The media have been pointing this out to us in the past month through coverage of the Australian Bureau of Statistics report on household energy use.
We are consuming 50 percent more energy at home than we did 20 years ago.
This was excellent propaganda fodder for the environmental movement as it and some media groups sought to sell Australians merits of Earth Hour at the end of March.
Unfortunately, most Australians – the ones who actually read and listen to news – will not be provided with sufficient context to actually inform themselves about the issue at a time when their national government is seeking to foist on them a very large increase in energy costs.

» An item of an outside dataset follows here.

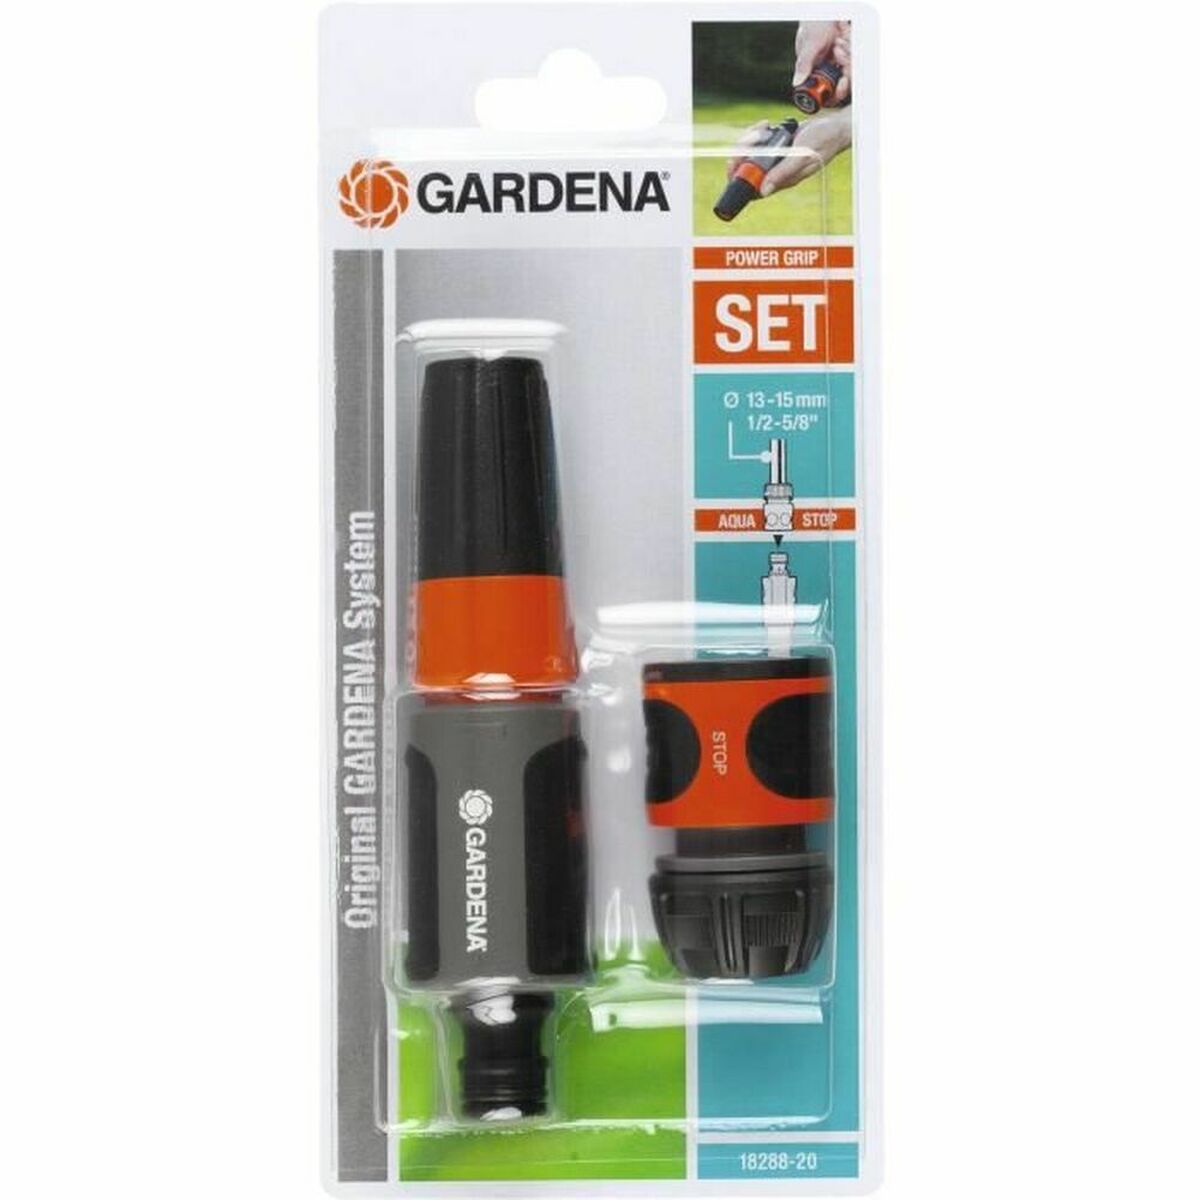 Set Gardena 18288-20 Irrigation kit

The rise in residential use of electricity between 1988 and 2008 was the equivalent of adding two Tasmanias to the power grid. However, the increase in business demand for electricity in the same period was the equivalent of adding Queensland or Victoria plus Tasmania to the grid.
The rise in annual demand was 19,000 gigawatt hours for households and 54,000 GWh for industry and commerce. (It is an increase that has been met, by the way, through burning 20 million tonnes more of black coal and 18 million tonnes more brown coal plus a large increase in the use of natural gas to make electricity.)

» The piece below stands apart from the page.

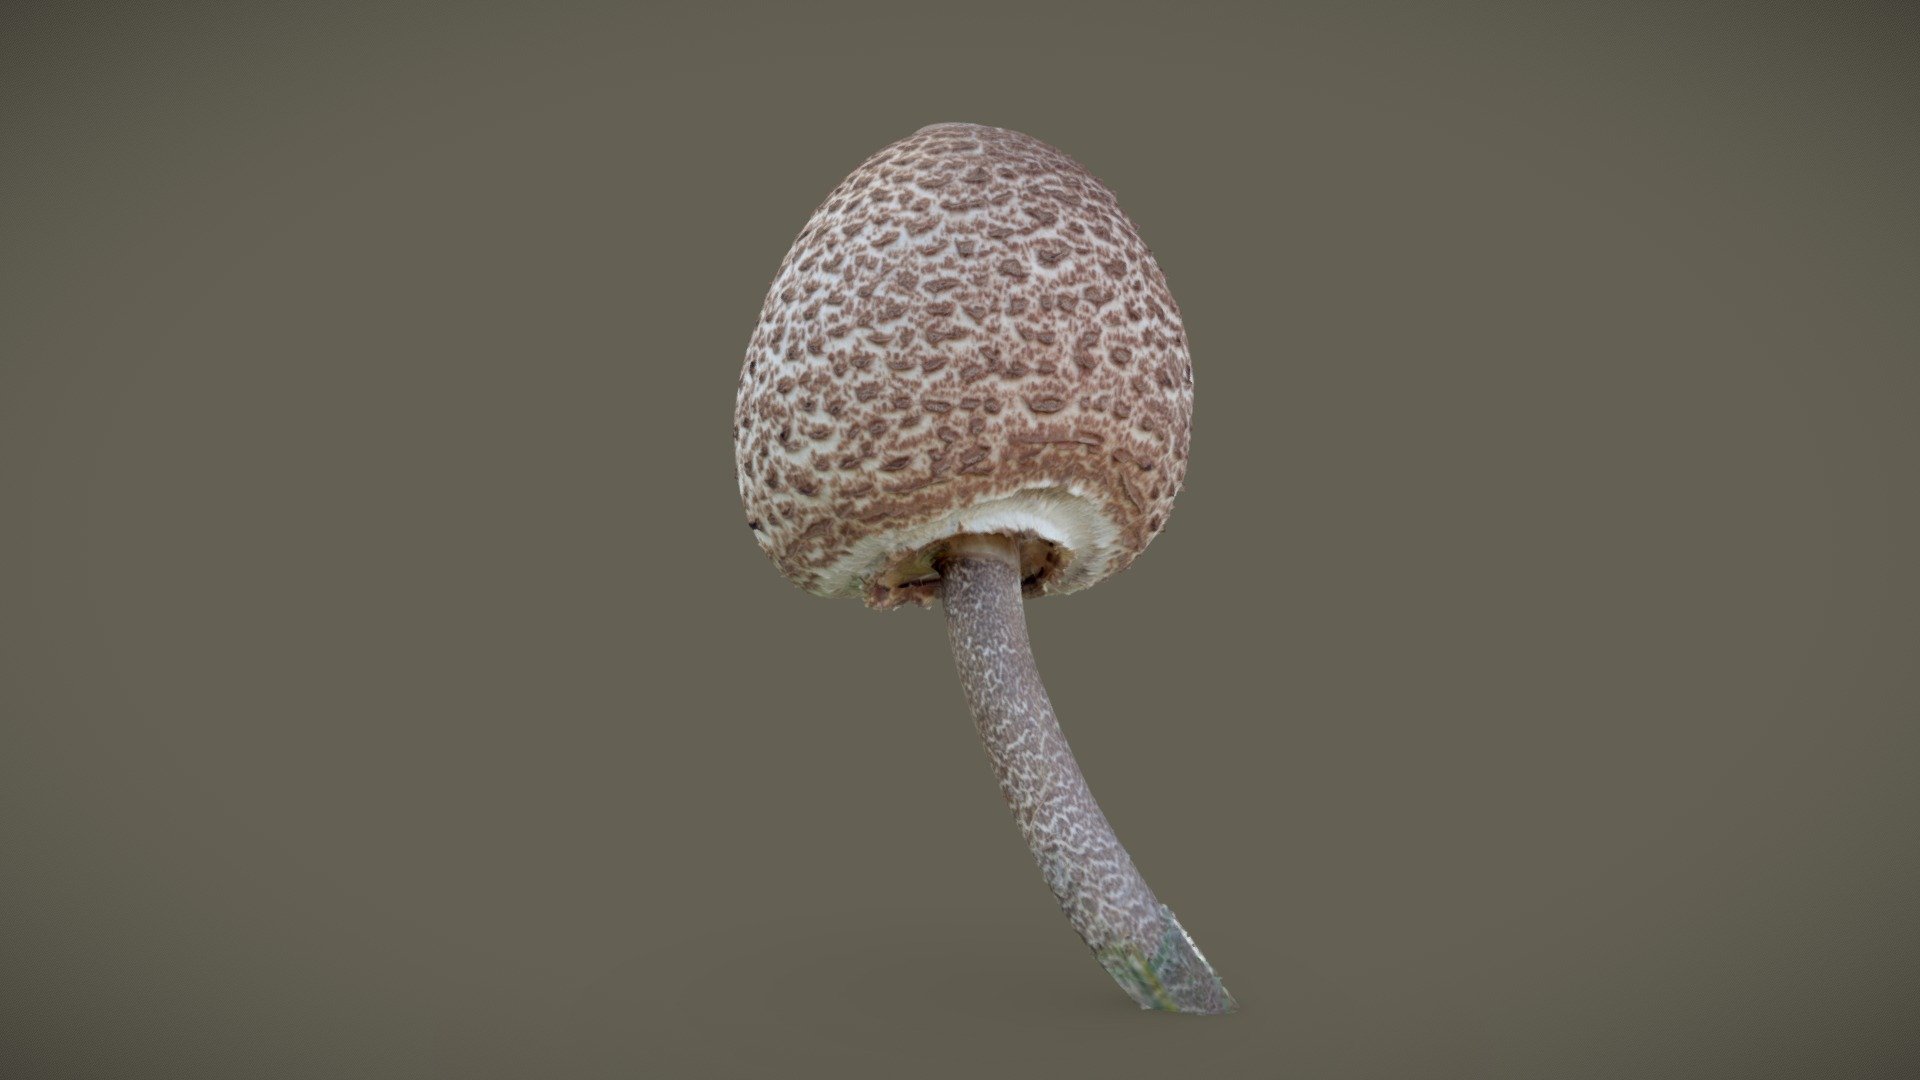 Shaggy Parasol Mushroom (Chlorophyllum rhacodes)

The core point is that a 20-year improvement in the economy, even punctuated by downturns, has enabled Australians to buy more houses and other forms of accommodation and to fill them with the comforts of home earned through their contributions to overall national wealth.
Nor, in their hedonistic pursuits, have Australians ignored the environment.
The ABS has found that 59 percent of homes now have energy saving lighting and that energy star ratings are the main household consideration when buying or replacing fridges, freezes and clothes dryers.
There are just a lot more doing this. The number of Australian households connected to the power grid has risen by more than two million in 20 years – from 6.3 million to 8.4 million.
This is the equivalent of adding another New South Wales to the electricity supply system – and we are going to do it again in the next 20 years on current predictions.
Throw in now the wrenching transition of the energy economy proposed by the Rudd government – which its Green opponents insist is too “soft” – and a big political question arises about voter reaction.
The Rudd revolution will drive higher costs for petrol, power and gas. It will, if it works, drive electricity supply away from the low-cost coal-burning power stations to substantially higher-cost plants.em>
If it causes a substantial increase in the use of gas to make electricity, combined with the the emergence of an eastern seaboard LNG export industry, it will drive up wholesale gas prices towards the levels already seen in Western Australian (where it is a very sore point).
Apart from the controversial aspects of the impact of the Rudd revolution on business and on jobs, its substantial addition to Australian household costs is hardly likely to go unnoticed – and the compensation for the effects of emissions trading on offer are relatively limited.
Australian voter attitudes to higher energy costs are also thrown up in the new ABS study.
The agency reports that 817,000 households are now part of a “GreenPower” scheme – where they pay more to have renewable electricity added somewhere in the supply chain. An admirable number it might be thought -–until you contemplate the context.
At June last year, there were more than 10 times as many homes connected to the grid as took up “GreenPower” – and this despite a decade-long drumfire of publicity and advocacy about global warming. And despite more than 80 percent of Australians telling pollsters they are concerned or strongly concerned about global warming. And despite 52 percent of them telling the ABS that they knew about “GreenPower.”
Well, if they jib at paying a relatively tiny amount voluntarily for “GreenPower,” it is surely a legitimate political question to ask how they will react to discovering they are being forced to pay considerably more for all their energy requirements in the post-Great Financial Crisis world?
Some politicians perhaps should have been thinking about this during the recent Earth Hour.